SUPPLIED INFORMATION
* * *

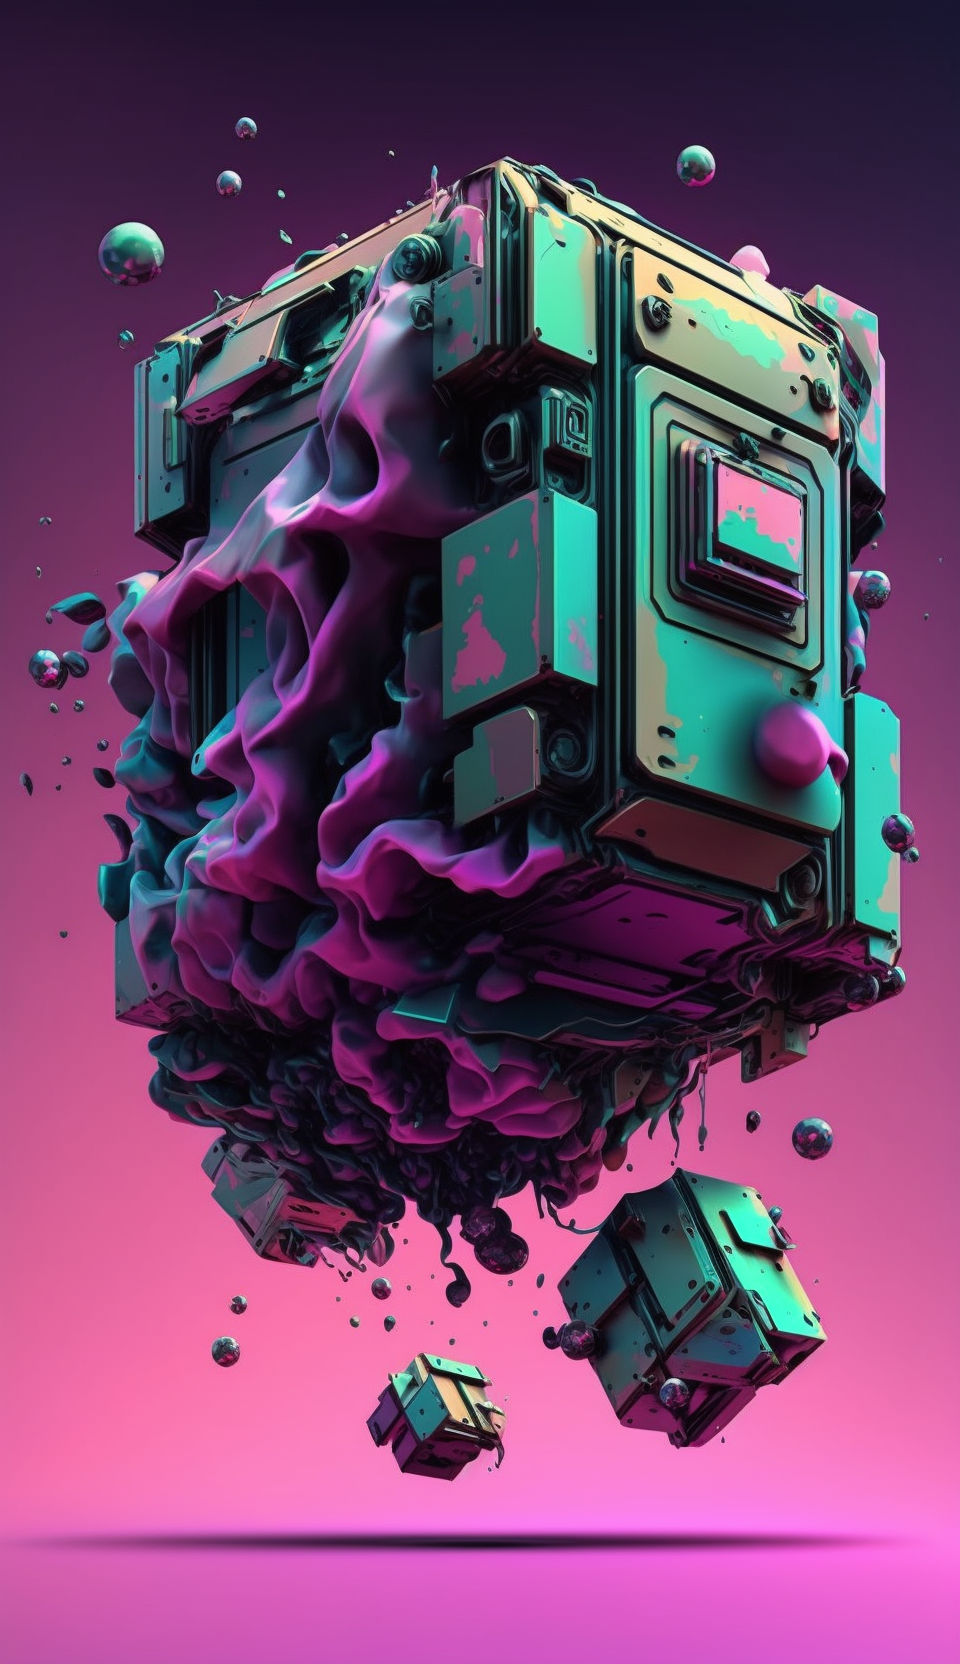 soupcan13_floating_hyper_detailed_mechanical_cubes_vaporwave_co_8acee3a3-df0b-4bdb-9bc7-8855eac92114.png
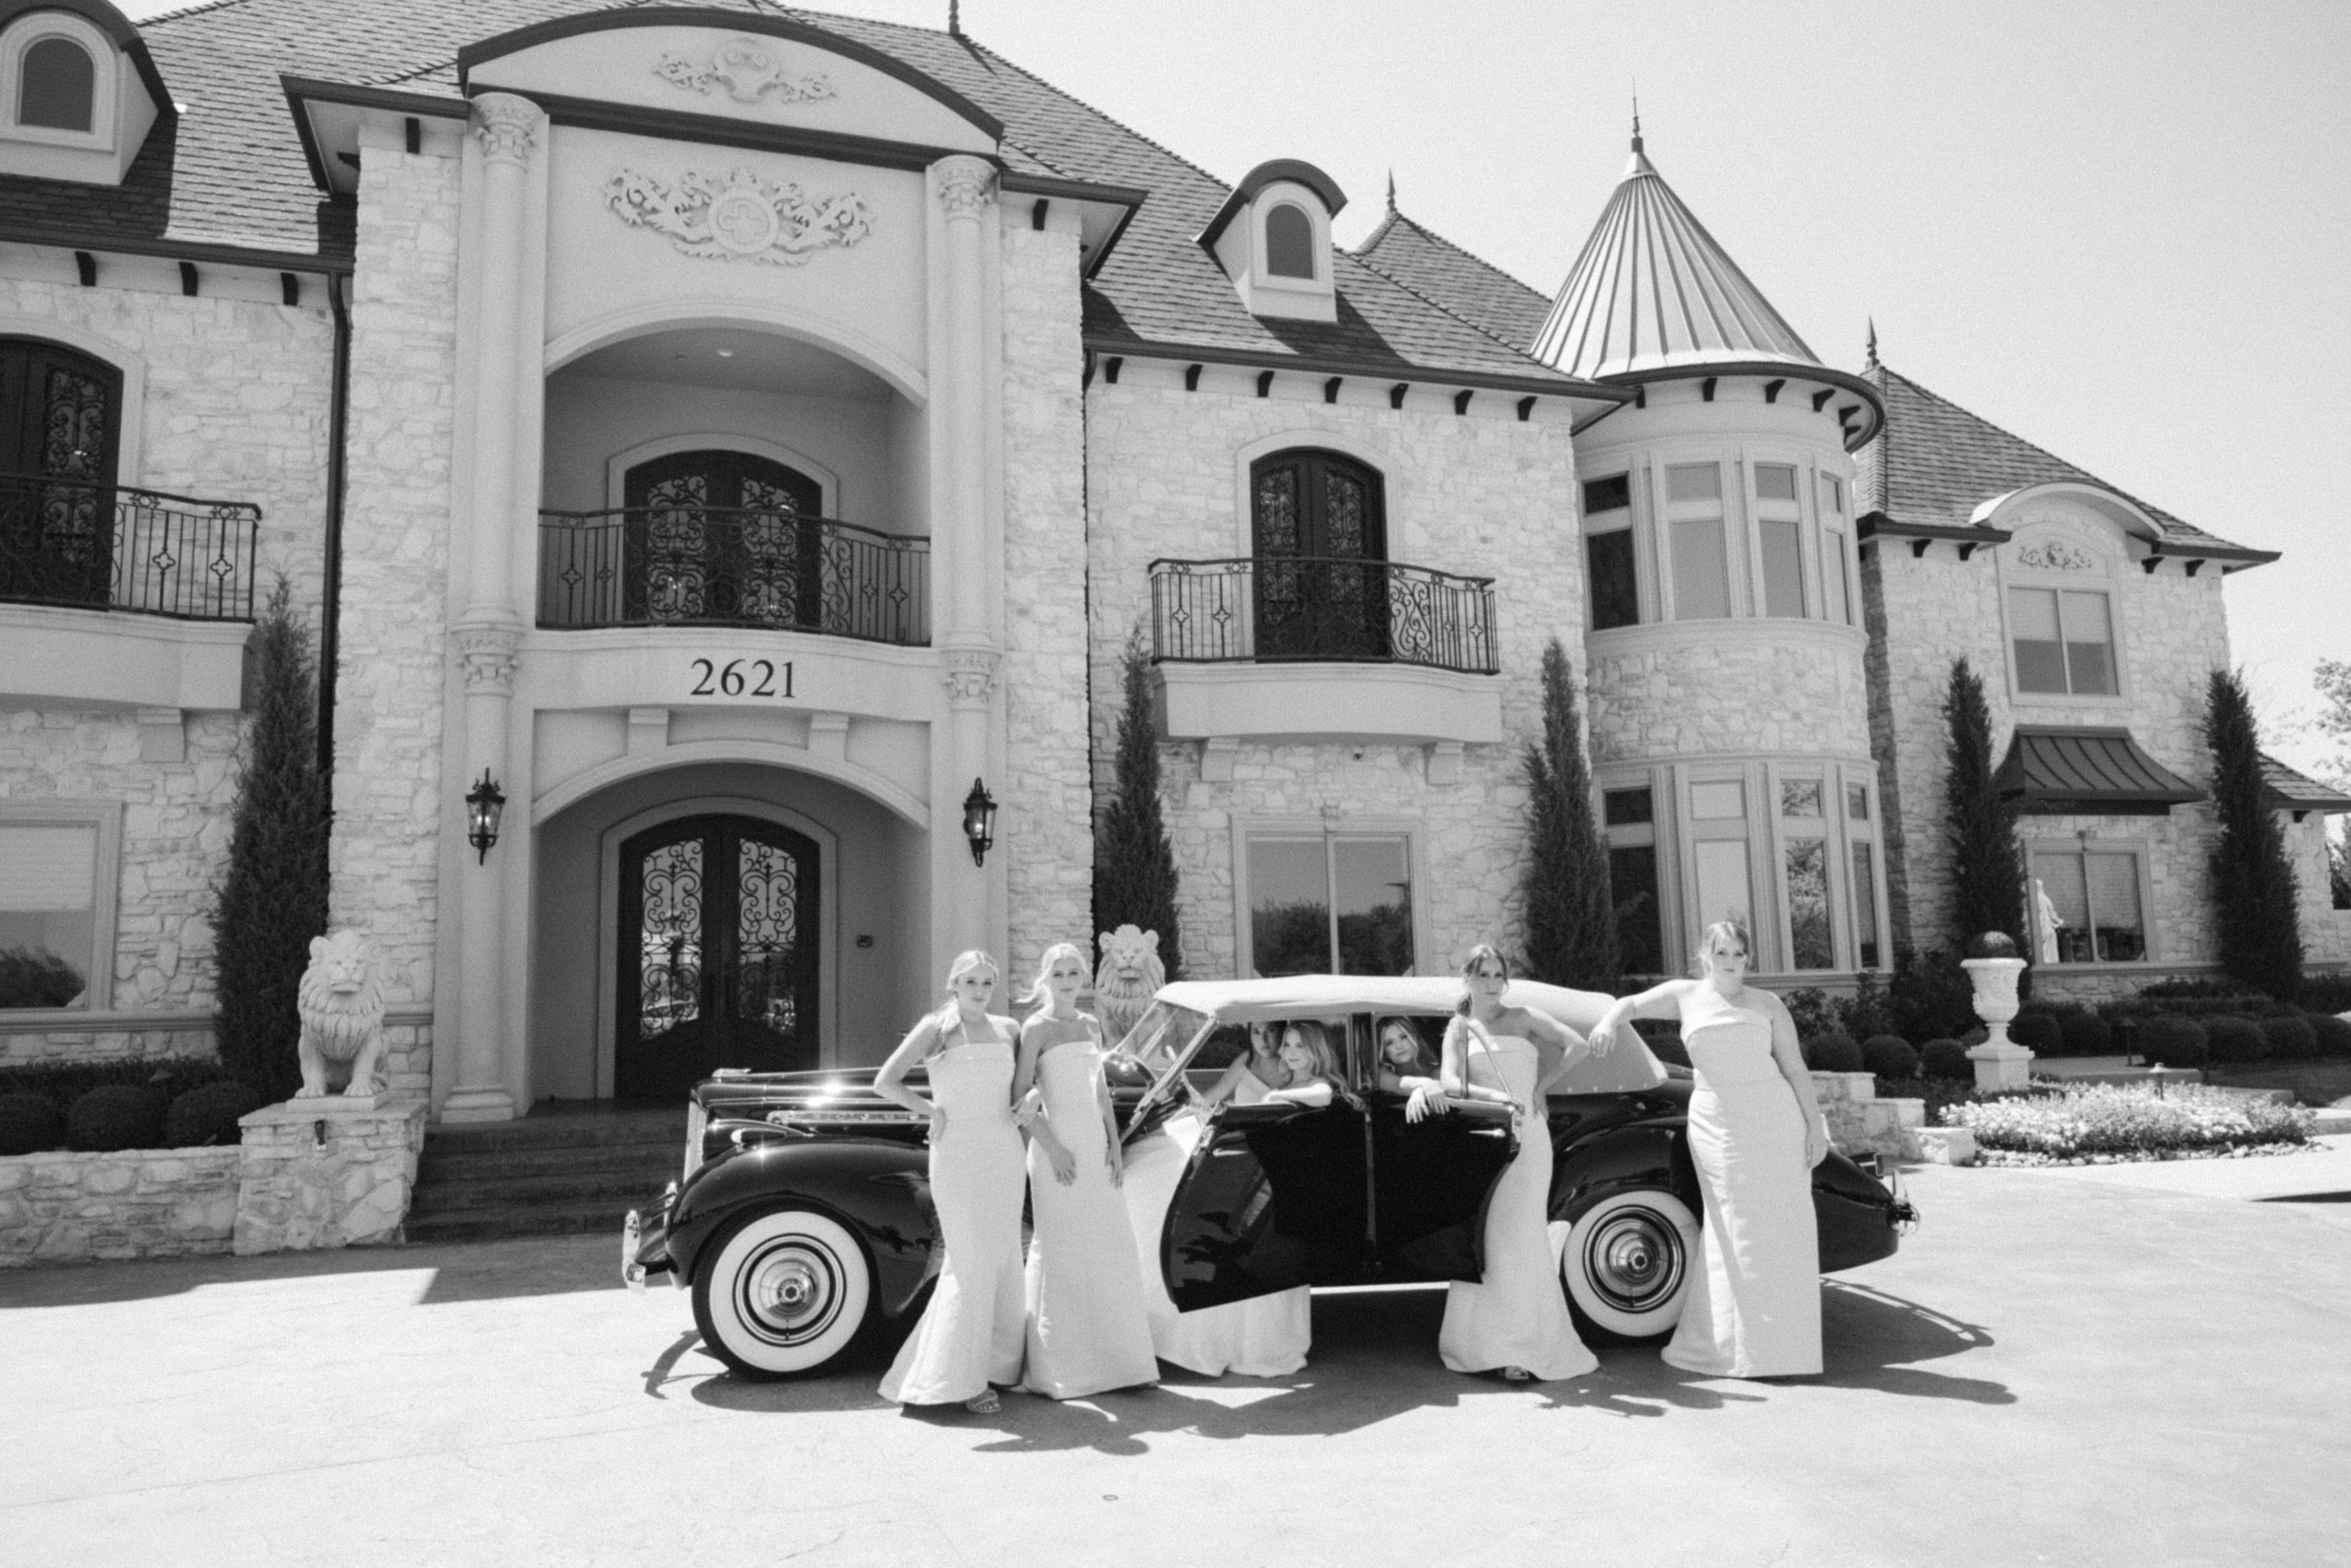 Bridesmaids and bride in a vogue like photo shoot on her wedding day at Knotting Hill Place done in black and white around a vintage car.
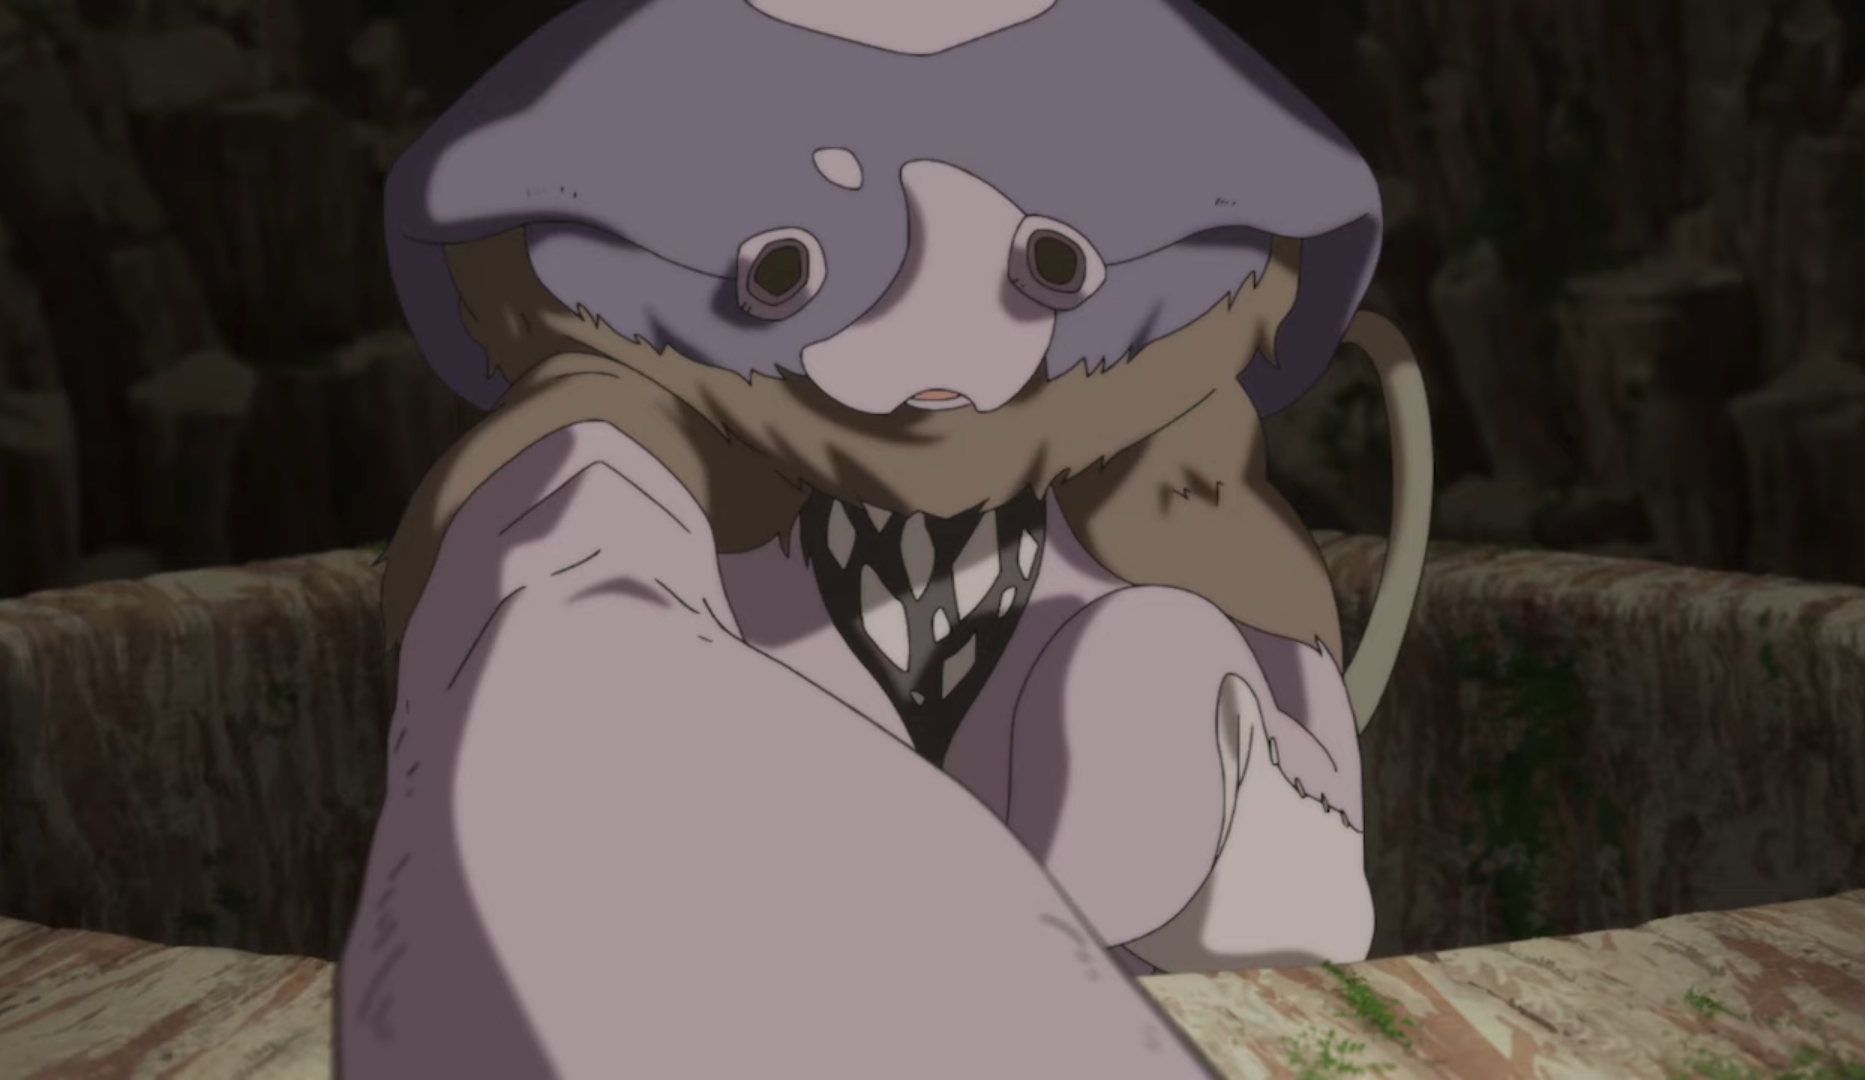 Made In Abyss Season 2 Episode 6 Review: Fighting For Value

* * *

TASK DESCRIPTION
Exactly as they appear above, print all the lines, but not the pictures.

OUTPUT OF THE TASK
 soupcan13_floating_hyper_detailed_mechanical_cubes_vaporwave_co_8acee3a3-df0b-4bdb-9bc7-8855eac92114.png
 Bridesmaids and bride in a vogue like photo shoot on her wedding day at Knotting Hill Place done in black and white around a vintage car.
 Made In Abyss Season 2 Episode 6 Review: Fighting For Value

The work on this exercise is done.